Task details:
Look through the entries below and report every line that has "with".

■ ■ ■ ■ ■ ■ ■

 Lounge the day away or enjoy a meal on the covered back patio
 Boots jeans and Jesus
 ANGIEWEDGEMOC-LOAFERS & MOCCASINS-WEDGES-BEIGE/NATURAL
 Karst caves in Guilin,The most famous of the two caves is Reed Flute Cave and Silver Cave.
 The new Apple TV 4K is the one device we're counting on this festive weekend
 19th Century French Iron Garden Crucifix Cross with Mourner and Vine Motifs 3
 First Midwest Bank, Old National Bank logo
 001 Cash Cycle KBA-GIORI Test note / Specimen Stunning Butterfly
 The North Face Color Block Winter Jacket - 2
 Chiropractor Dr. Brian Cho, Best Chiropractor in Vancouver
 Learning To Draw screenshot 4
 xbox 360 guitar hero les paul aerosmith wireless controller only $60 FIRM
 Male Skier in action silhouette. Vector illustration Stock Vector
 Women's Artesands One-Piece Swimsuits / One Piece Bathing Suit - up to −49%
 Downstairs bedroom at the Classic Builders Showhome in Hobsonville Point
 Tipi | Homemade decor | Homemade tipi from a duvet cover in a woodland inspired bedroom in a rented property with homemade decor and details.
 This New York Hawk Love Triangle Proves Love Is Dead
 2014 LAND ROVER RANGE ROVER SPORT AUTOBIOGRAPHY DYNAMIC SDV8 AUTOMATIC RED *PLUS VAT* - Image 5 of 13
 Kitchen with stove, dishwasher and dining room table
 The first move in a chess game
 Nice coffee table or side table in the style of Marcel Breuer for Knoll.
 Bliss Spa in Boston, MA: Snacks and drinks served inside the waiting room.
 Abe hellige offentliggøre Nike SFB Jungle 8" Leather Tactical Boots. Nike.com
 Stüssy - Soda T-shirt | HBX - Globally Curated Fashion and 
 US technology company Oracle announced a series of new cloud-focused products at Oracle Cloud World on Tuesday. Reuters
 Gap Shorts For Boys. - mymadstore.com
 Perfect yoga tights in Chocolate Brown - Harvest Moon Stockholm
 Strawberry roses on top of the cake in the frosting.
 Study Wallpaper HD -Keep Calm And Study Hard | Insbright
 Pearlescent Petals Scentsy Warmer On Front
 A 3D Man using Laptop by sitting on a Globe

■ ■ ■ ■ ■ ■ ■

Expected answer:
 19th Century French Iron Garden Crucifix Cross with Mourner and Vine Motifs 3
 Tipi | Homemade decor | Homemade tipi from a duvet cover in a woodland inspired bedroom in a rented property with homemade decor and details.
 Kitchen with stove, dishwasher and dining room table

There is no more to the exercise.